*WHAT YOU ARE ASKED TO DO:* Without including any pictures, give back all of the data exactly.
[[ MATERIAL PROVIDED open ]]
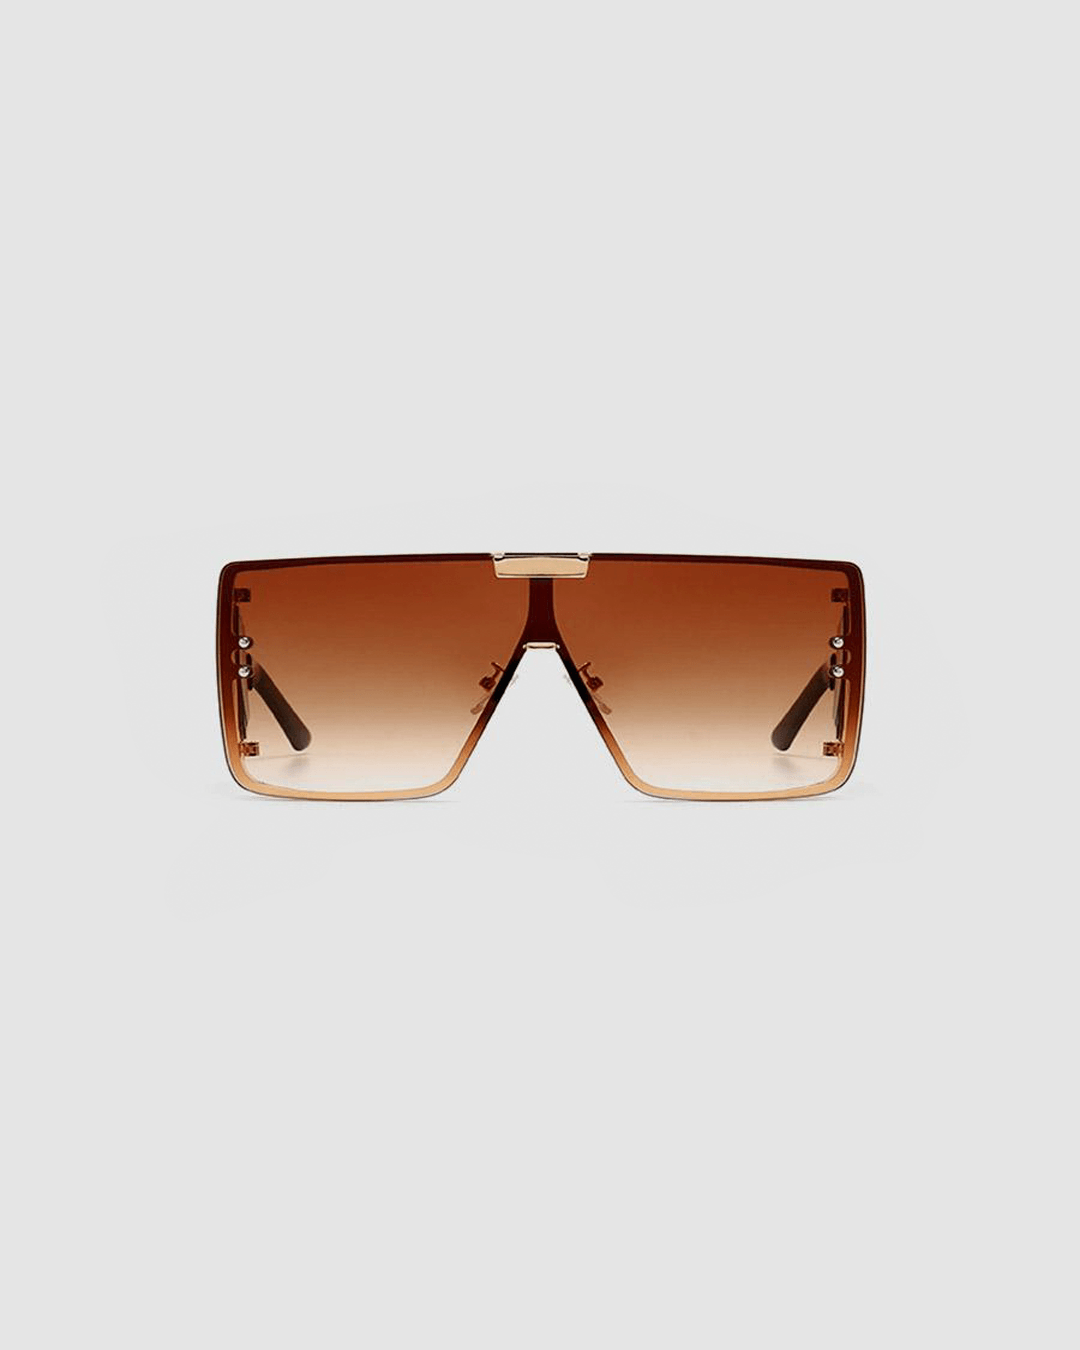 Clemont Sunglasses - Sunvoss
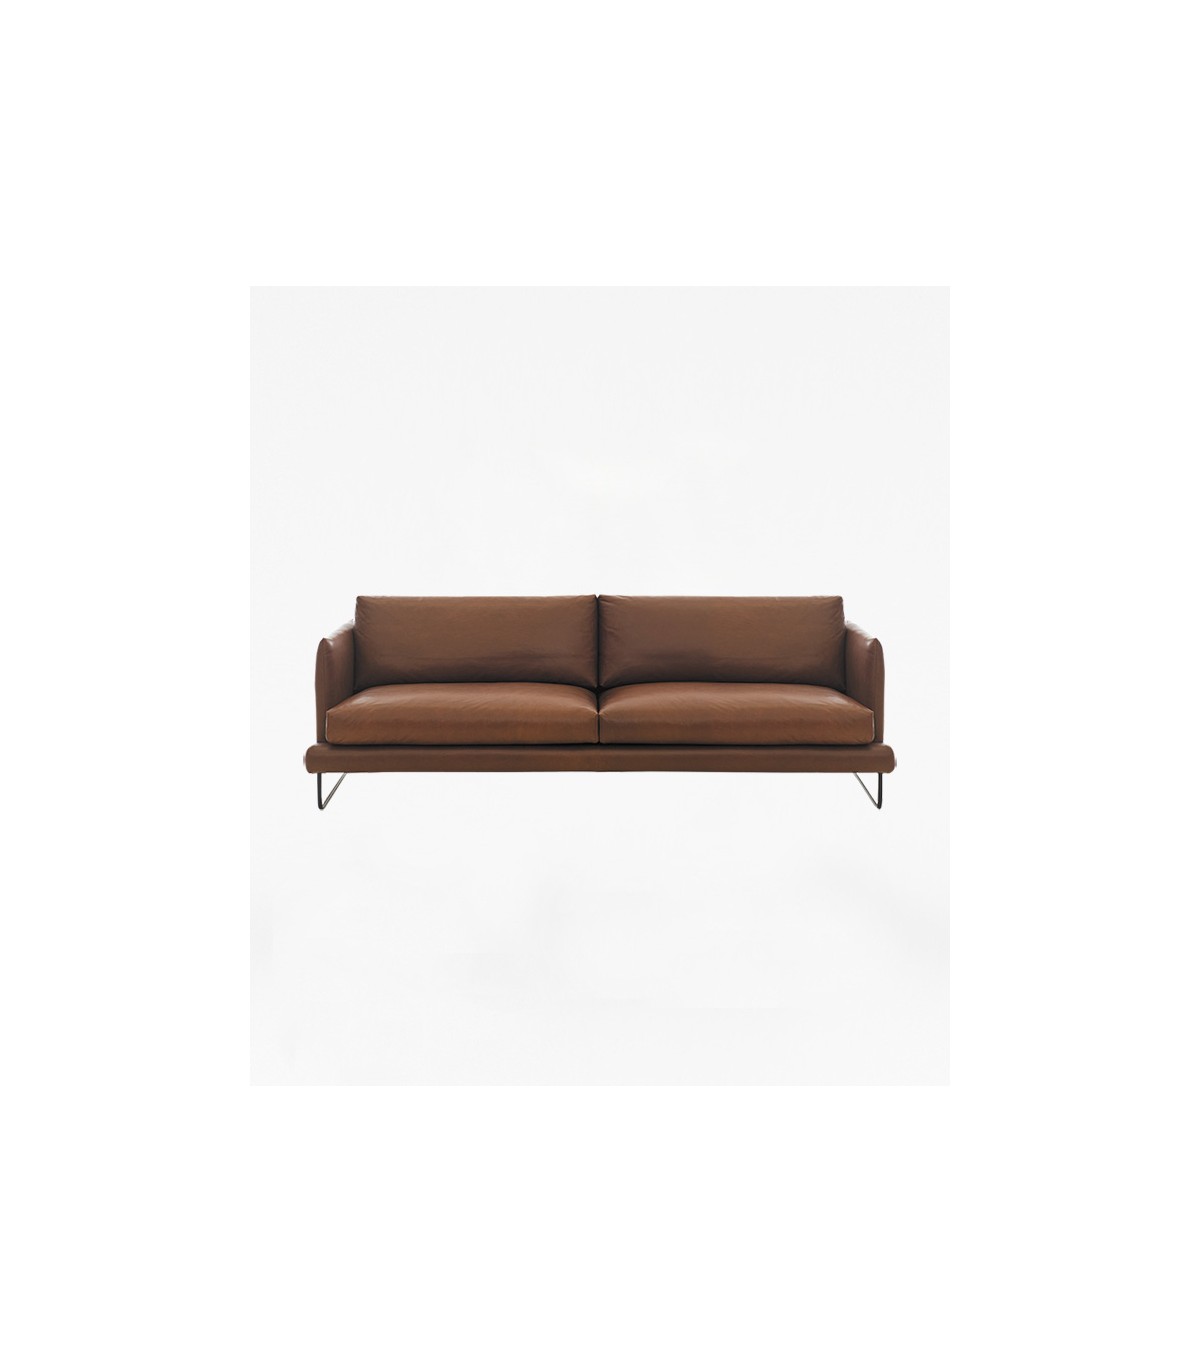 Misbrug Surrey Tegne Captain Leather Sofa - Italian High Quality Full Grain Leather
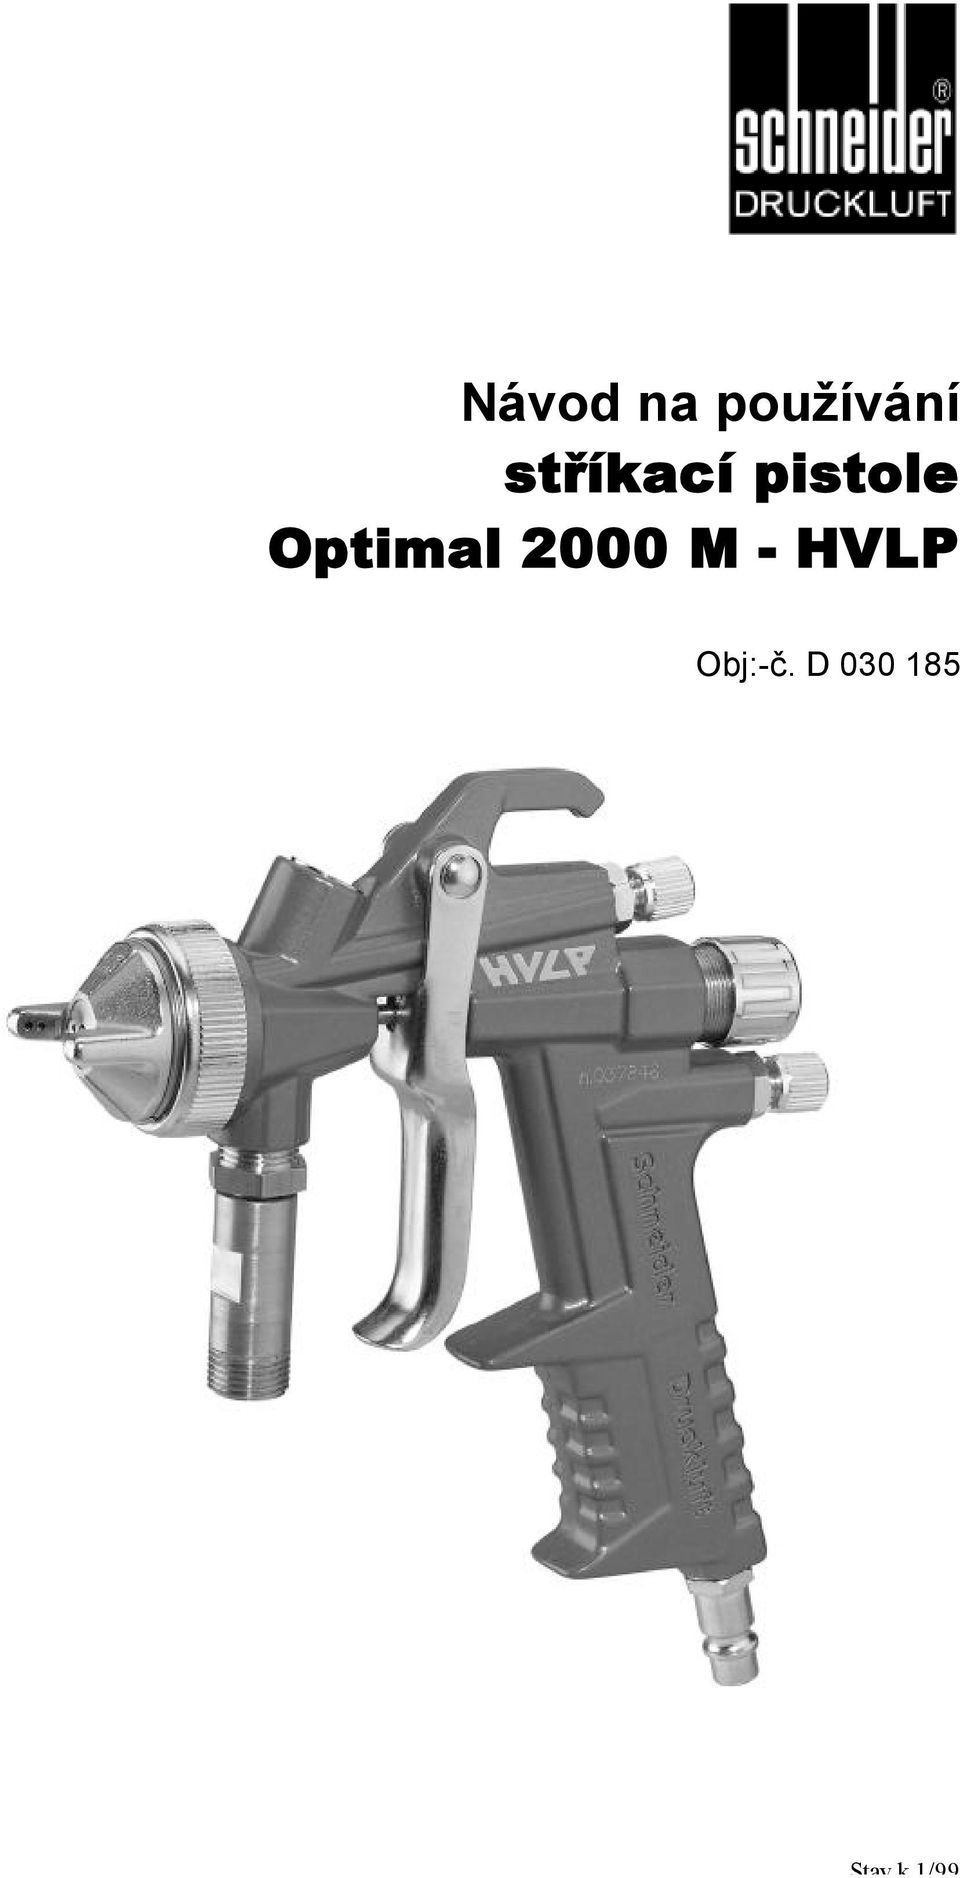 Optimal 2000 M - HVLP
[[ MATERIAL PROVIDED closed ]]
*EXPECTED ANSWER:*
 Clemont Sunglasses - Sunvoss
 Misbrug Surrey Tegne Captain Leather Sofa - Italian High Quality Full Grain Leather
 Optimal 2000 M - HVLP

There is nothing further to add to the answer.